The key components for this cluster configuration are:

Type in your cluster name and subscription
For your cluster type, choose Spark with version Spark 2.0.2 (HDI 3.5)
By default your cluster login username is admin and type in your new cluster login password
For your SSH username, you can either the same password as cluster login or use a public key authentication. Choose what is appropriate for you; many users will often use public key so they can ssh into their HDInsight cluster. For more information, please refer to How to create and use an SSH public and private key pair for Linux VMs in Azure.
Complete the basic settings configuration by choosing your resource group and location. Keep this location in mind as you will want to configure Azure Cosmos DB to be in the same region as your Apache Spark on Azure HDInsight cluster.
Click Next to go to your Storage Settings

For your storage settings, you can go with the defaults:

Primary storage type: Azure Storage
Selection method: My subscription
All the remaining configurations are optional or filled in by default.
Click Next to go to yoru configuration summary

Once you click Create, your Apache Spark on Azure HDInsight cluster will be deployed.

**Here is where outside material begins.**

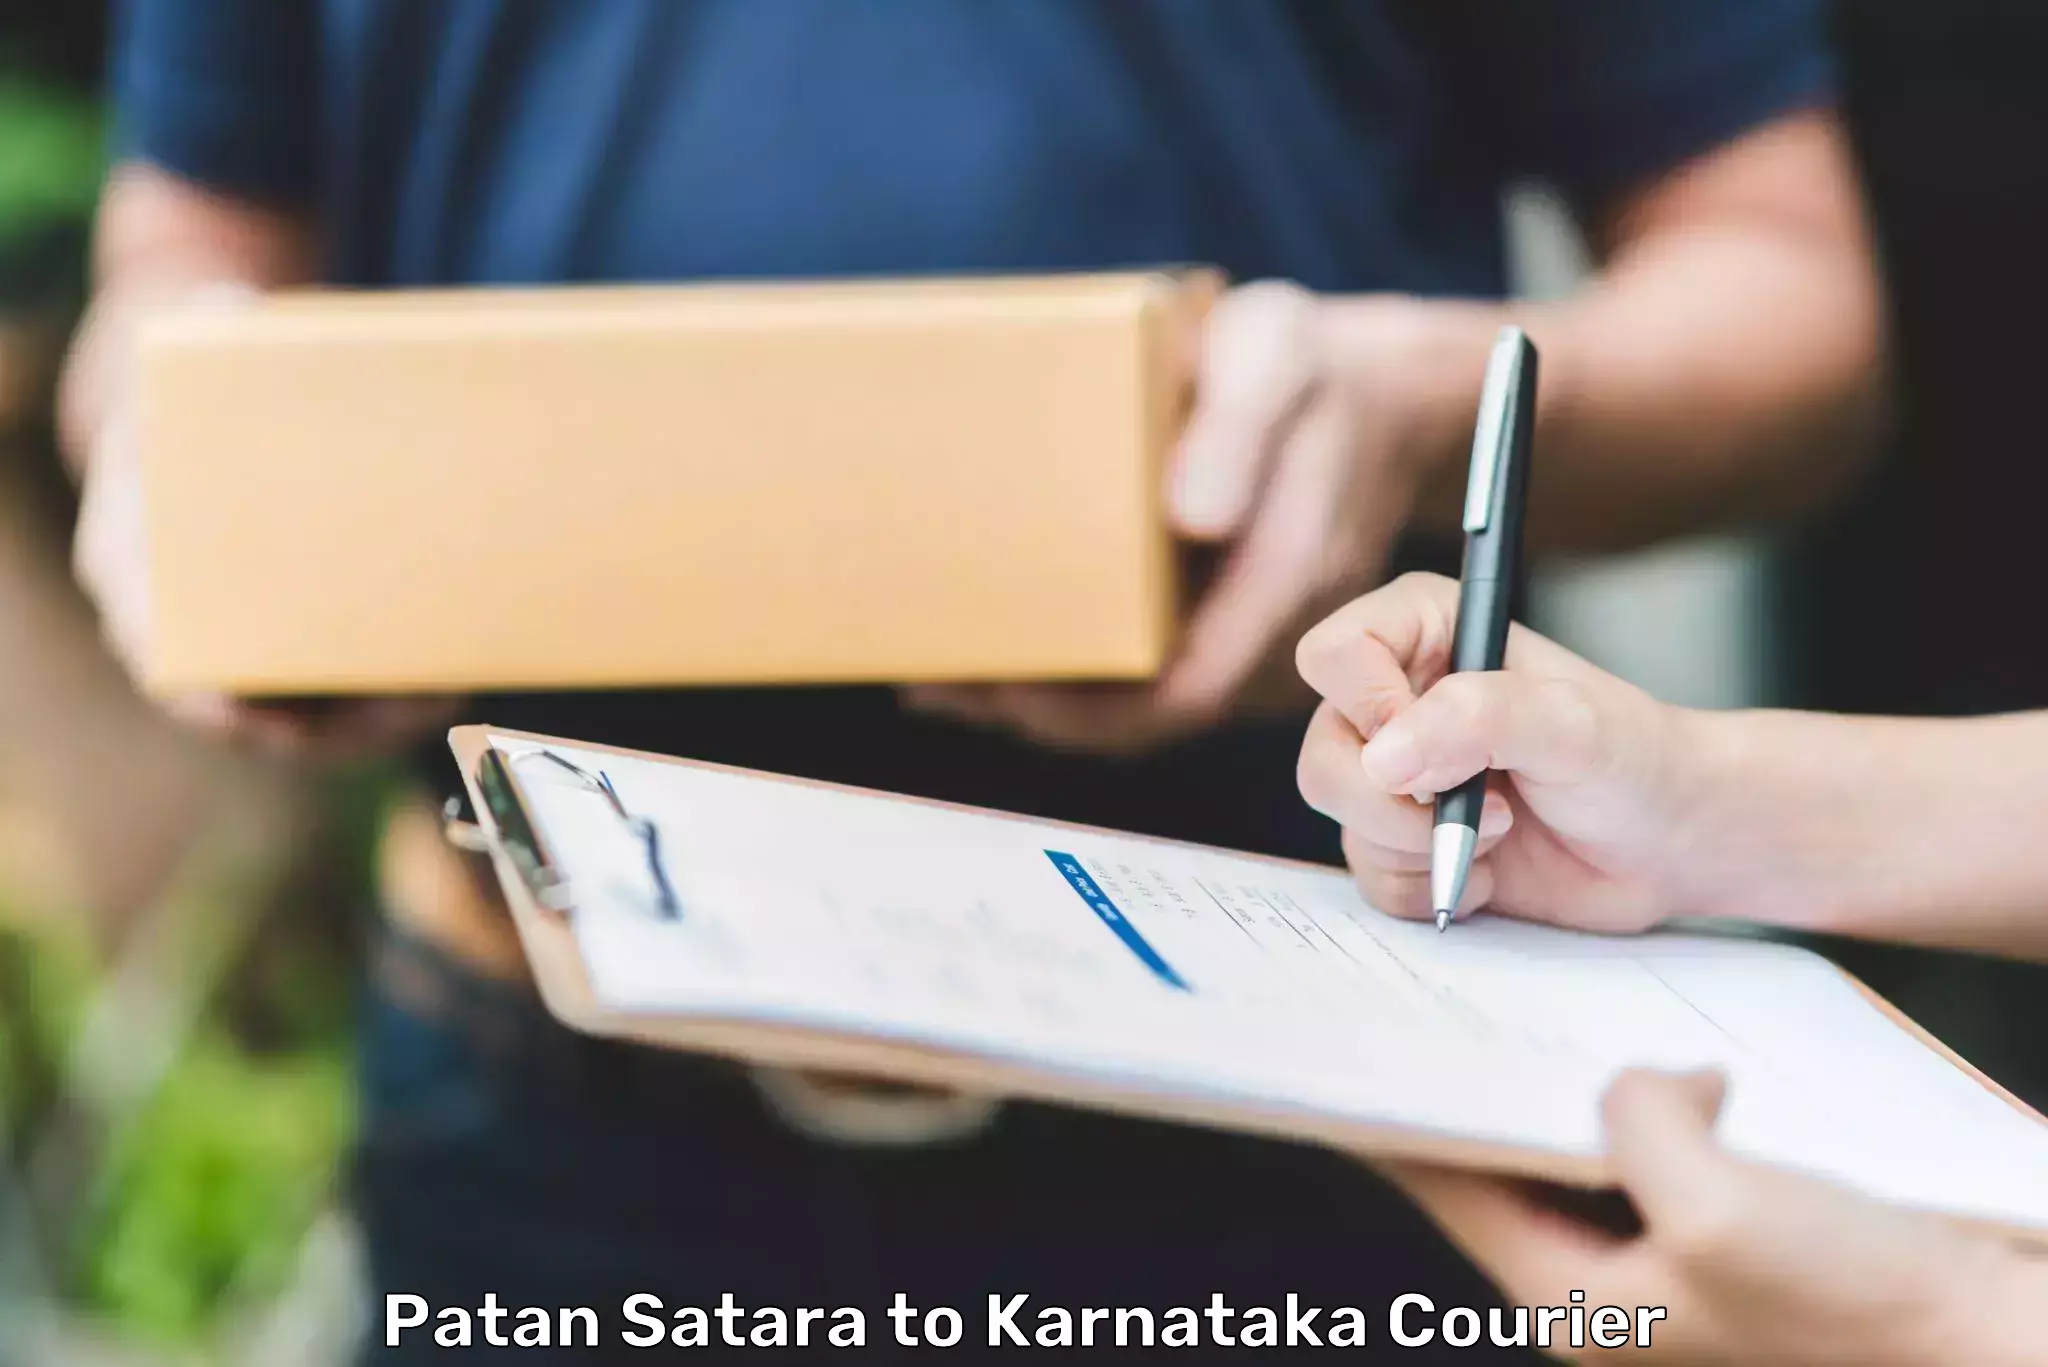 Fast-track shipping solutions Patan Satara to Karnataka

Step 2: Upload Spark Connector JARs to your HDI cluster's storage account

Now that you have your HDI cluster, the next step will be to make the azure-cosmosdb-spark jar available to all the nodes in your cluster. To do this, you will need to first:

Build the azure-cosmosdb-spark JARs via maven (for more information, please refer to the user guide
OR download the JARS from the releases folder

To upload them to your HDI cluster's storage account:

Go to the your HDI cluster within the Azure Portal
Scroll to near the bottom of the lefthand blade under Properties and click on Storage Accounts and you should see something similar to the screenshot below.

Click on the storage account > Blobs > Your blob storage container
Navigate to the folder you would like to upload the jars, for example (as per the screenshot below) navigate to the $container$/example/jars folder

Note, we are using the HDI cluster's default storage account instead of some other blob storage account because at this time, Spark on HDI can only reference JARs from its own storage account.

Click Upload and upload the JARs you had built or downloaded in the previous step. It should look something similar to the screenshot below.

Once the JARs are finished uploading, your folder should look simliar to the screenshot below.

Running the Azure-CosmosDB-Spark Connector demo end-to-end

In the previous step, you had uploaded the azure-cosmosdb-spark JARs to be used by your HDI cluster. To get yourself up and runing faster, we will use the Jupyter notebook service within Azure HDInsight

Step 3. Uploading your notebook to Jupyter notebook service in Azure HDInsight

To get fast access to your Jupyter notebook service, you can get to it directly by typing the URL https://$clustername$.azurehdinsight.net/jupyter/tree where:

$clustername$ is name of Azure HDInsight cluster you had created.
The login is the one you had specified when you had built your HDInsight cluster back in Step 1

Once you log in, it should look something similar to:

We will be uploading a Scala notebook that you can download from /samples/notebooks/ of this repository.

To upload the notebook:

Click on Scala within your Juptyer UI
On the upper right, click Upload
Navigate to the sample notebook you had recently downloaded
Click Open
And then click Upload for your file.

Now your notebook has been uploaded and is ready to use.